Utah businessman Dan Liljenquist survived the crash with a broken right leg and broken left ankle.

"There were farmers in the field where they crashed. They pulled my husband out of the plane 30 seconds before the plane exploded," Brooke Liljenquist told the AP in a telephone interview from her home in Bountiful, Utah.

"He has constant pain he says he can deal with. He's just grateful to be alive," she said.

Kind words for victims
Dan Liljenquist is chief operating officer of Focus Services of Roy, Utah, which handles customer service calls for other companies. Brooke Liljenquist said the crash killed four employees of his company, two from Utah and two from another call center in Cedar Falls, Iowa.

The other U.S. passengers who died were Cody Odekirk; John Carter; Jeff Reppe and Lydia Silvia, according to Guatemala's civil aviation authority, which didn't list their hometowns. Swain declined to provide that information.

Roger Jensen, 48, was the maintenance manager at Smyth Companies in St.
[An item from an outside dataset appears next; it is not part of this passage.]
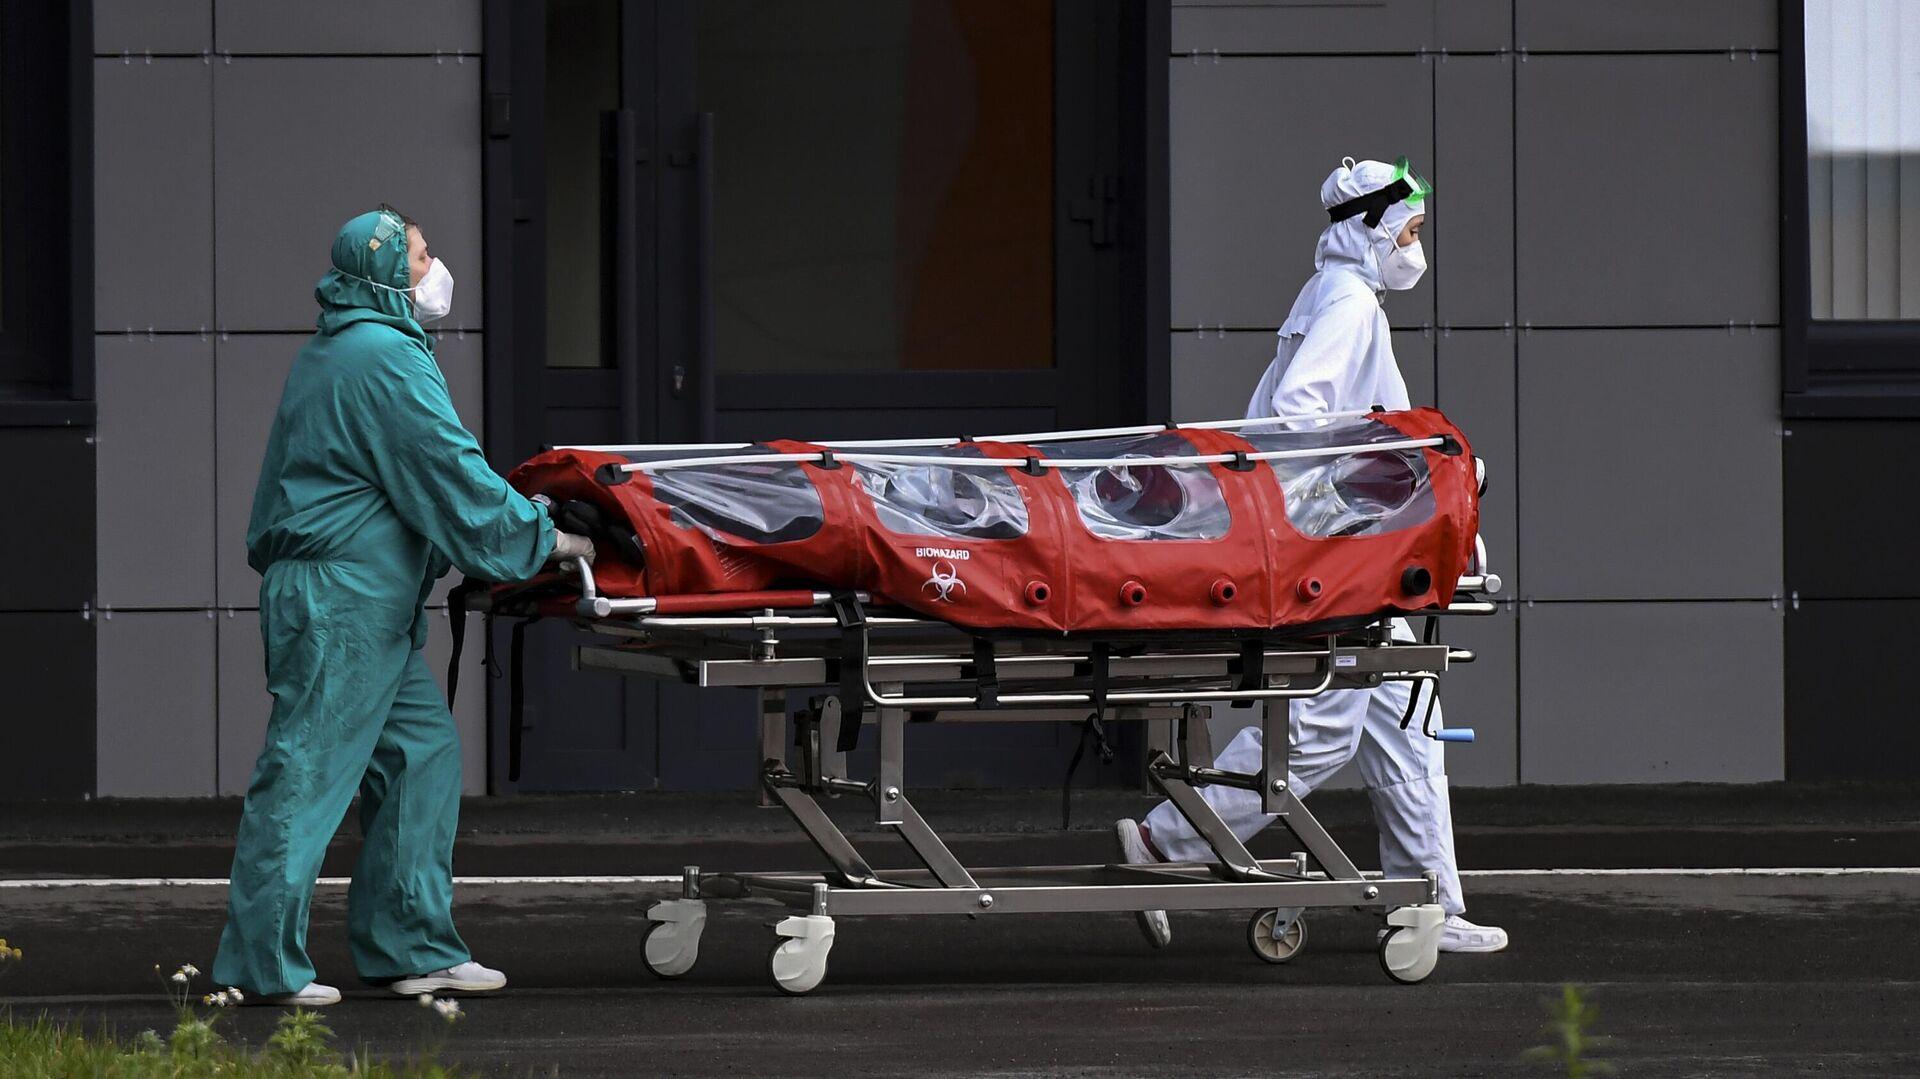 Медицинские сотрудники транспортируют пациента на каталке в Республиканскую клиническую инфекционную больницу в Казани, где возобновлен прием пациентов с COVID-19 - РИА Новости, 1920, 12.10.2021

Paul, Minn., for 12 years, Chief Executive Officer John Hickey said Monday.

"He did everything. He was a carpenter. A multipurpose utility player. He was a very popular employee, forever upbeat," Hickey said. "He was very giving. I think he was in Africa last year."

Hickey said Jensen helped pay for his family's trip by recovering copper pipe from a facility being closed by the company, which prints consumer product labels.

"We thought the world of this guy," he said. "He was just a bright light in the company."